First, when the power of the image forming apparatus 1 is turned on, the belt is driven without feeding paper. The belt and drum move together without slipping, so the drum also moves. Then, one rotation of the drum is detected by a detector that detects a reference position of the rotation angle, and the number of output pulses of the linear encoder 22 at this time (in some cases,
The phase of the pulse interval is also measured to improve the accuracy) and the diameter of the drum is measured. Further, the eccentric position is measured by the output of the detector for detecting the reference position of the rotation angle of one rotation of the drum and the output of the linear encoder 22. Since the number of output pulses of the linear encoder 22 corresponding to one rotation of the drum is known, the rotation angle can be calculated. The eccentric amplitude can be detected by detecting the AC amplitude in the output waveform of the detector at the eccentric position. The above detection is performed for each drum. Based on the above detection data, the correction value d
(D = π (R ₀ −R) + R sin ⁻¹ {(ε / R) cos θ})
Is calculated for one round for each drum (θ = 0 to 2π), and
It may be stored in the RAM 17 as a table in advance and used.

Next, the reference mark 23 is detected by the tip position detector 24 at the end on the belt, and a test is performed on the reference mark 23 assuming that each drum is at an ideal position and has an ideal shape. Image data of main scanning for transferring the mark 27 is optically written on each drum.

In the above example, the timing phase of the main scanning of the polygon mirror is assumed to be coincident with the timing phase of the sub-scanning outputted by the movement of the belt. Here, an example in which the timing phase does not coincide will be described. The start timing of the main scanning is performed based on the pulse signal detected by the linear encoder 22 at the timing mark 21 on the belt, but does not always coincide with the main scanning timing of the polygon mirror.
Therefore, when the main scanning timing of the polygon mirror is not reached at the output timing of the test mark 27, kP
The test mark 27 is recorded at the delayed main scanning timing of the polygon motor. Then, after detecting an error with respect to the reference mark 23, d is generated due to the eccentricity and the variation of the diameter.
And the kP here, the drum mounting error can be corrected. In this manner, the correction data d based on the mounting position of the drum and the like, and the eccentricity and the variation of the diameter of the drum are obtained.

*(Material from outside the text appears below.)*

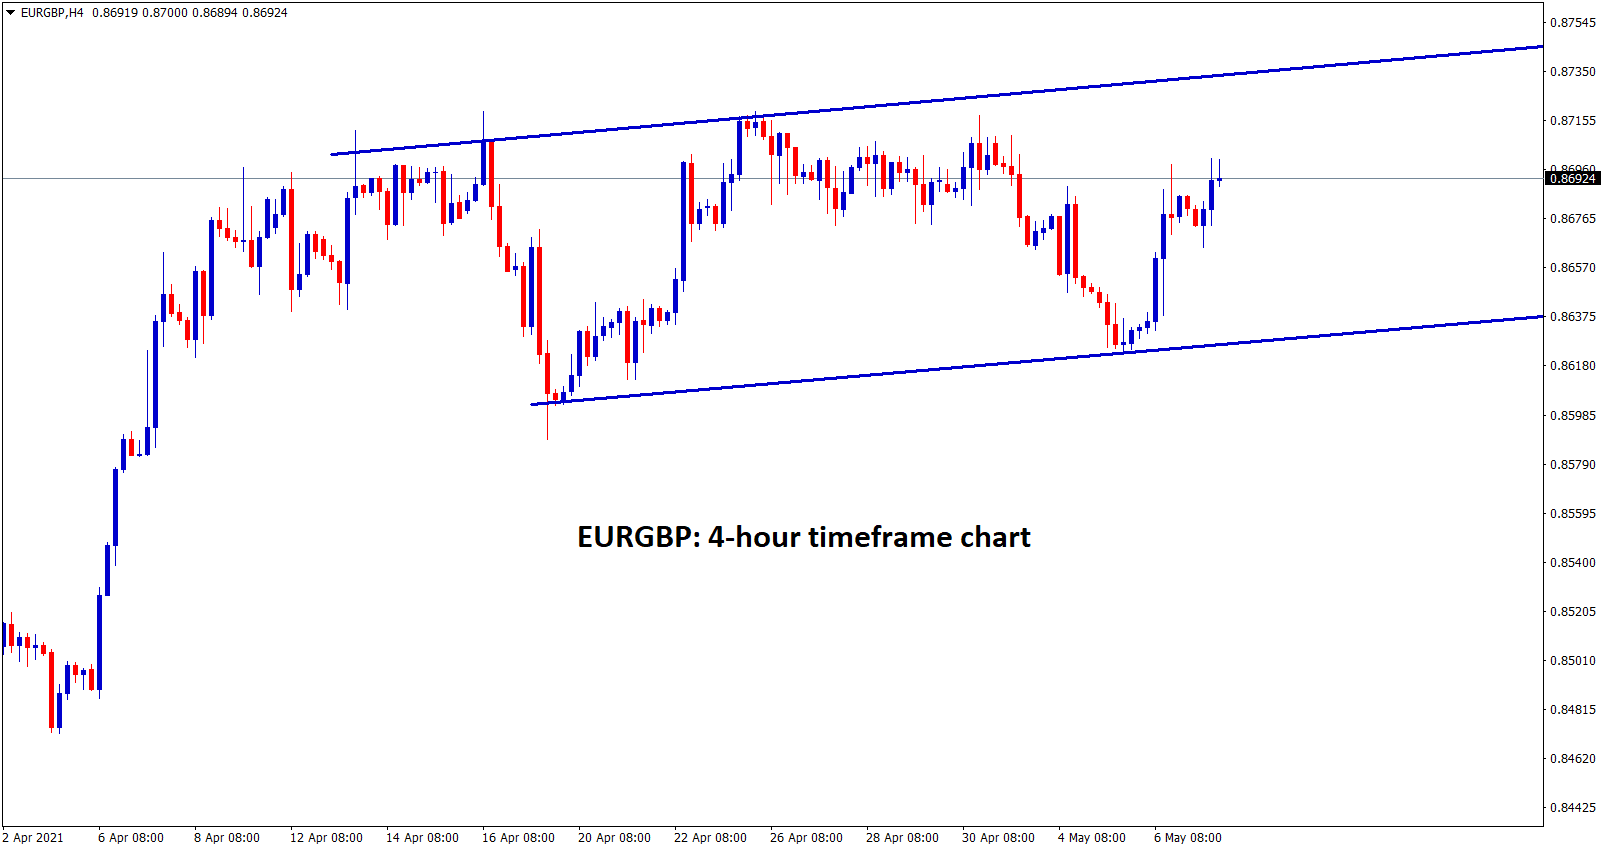 EURGBP is making a ranging movement

If an image is output using this data, an image without color shift and without distortion can be output. .

As a second example, there is described an exposure position variable system using the oscillating mirror. Also in this example, a case where the main scanning is performed by the polygon mirror will be described. The generation of the eccentricity and the drum radius data is the same as in the above example. Here, there are two methods for recording the test mark 27. In the first case, the angular position of the oscillating mirror is fixed so that the exposure position is at the origin (x = 0), and is the same as the method described above. Second, a test mark is recorded while performing only the correction (control of θm) corresponding to the eccentricity and the variation in the diameter. The problem of the phase difference of the main scanning timing by other polygon mirrors may be handled in the same manner as in the first example.

Now, the structure of the oscillating mirror will be described. The oscillating mirror has an angle detector for detecting the rotation of the mirror, and the angle is detected and fed back to control the target angle θm to be obtained. As the structure of the drive unit of the oscillating mirror, a structure in which a well-known voice coil motor is used as a drive source and the mirror is supported by a cross spring structure can be used.

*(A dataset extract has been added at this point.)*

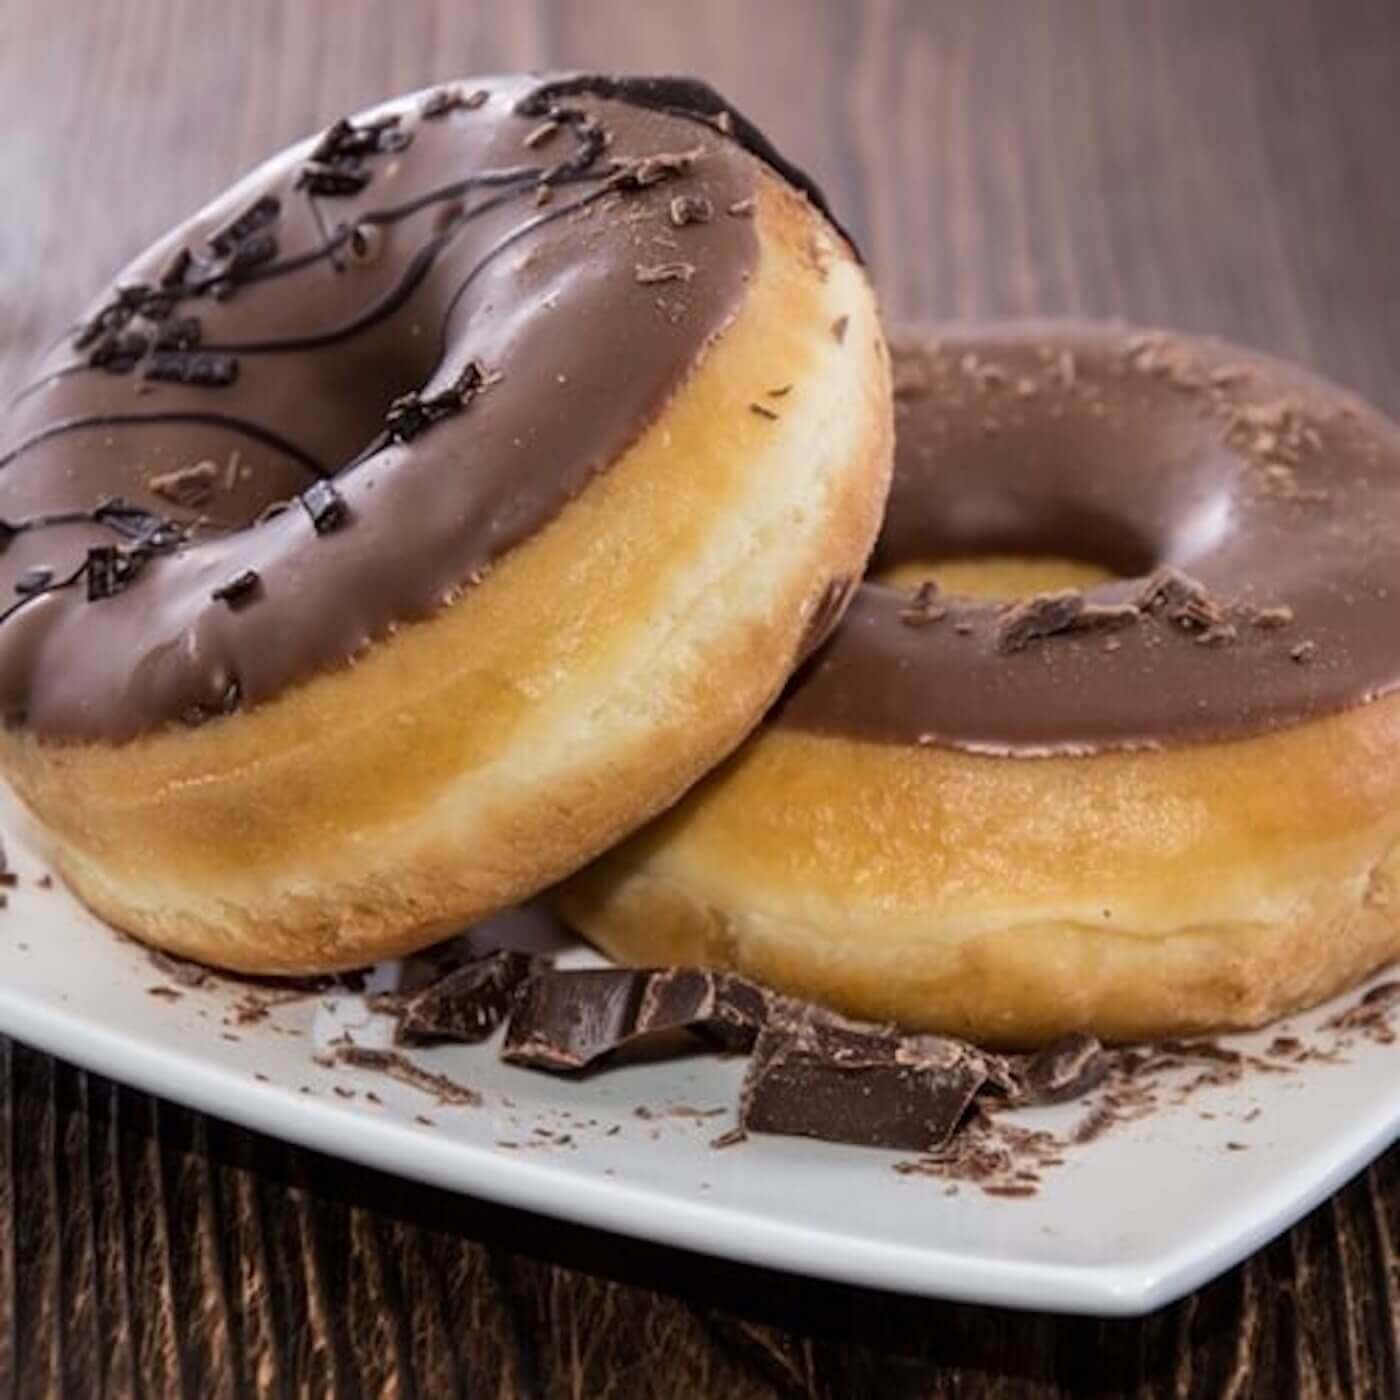 Two donuts with chocolate icing on a white plate

9. Conclusion In the technology disclosed in Japanese Patent Application Laid-Open No. H10-246995, peripheral displacement based on the eccentricity of the rotation axis of the photosensitive drum is detected, and control based on the detected displacement is performed to solve the problem due to the eccentricity of the photosensitive drum. are doing.

On the other hand, the image forming apparatus 1 detects the eccentric position and the rotation angle of the drum with respect to the center point of the cross section circle of the drum, and, based on the detected data, the absolute value of the eccentric amount, the eccentric rotation angle, and The control is to detect the drum radius and correct the transferred image on the belt or paper.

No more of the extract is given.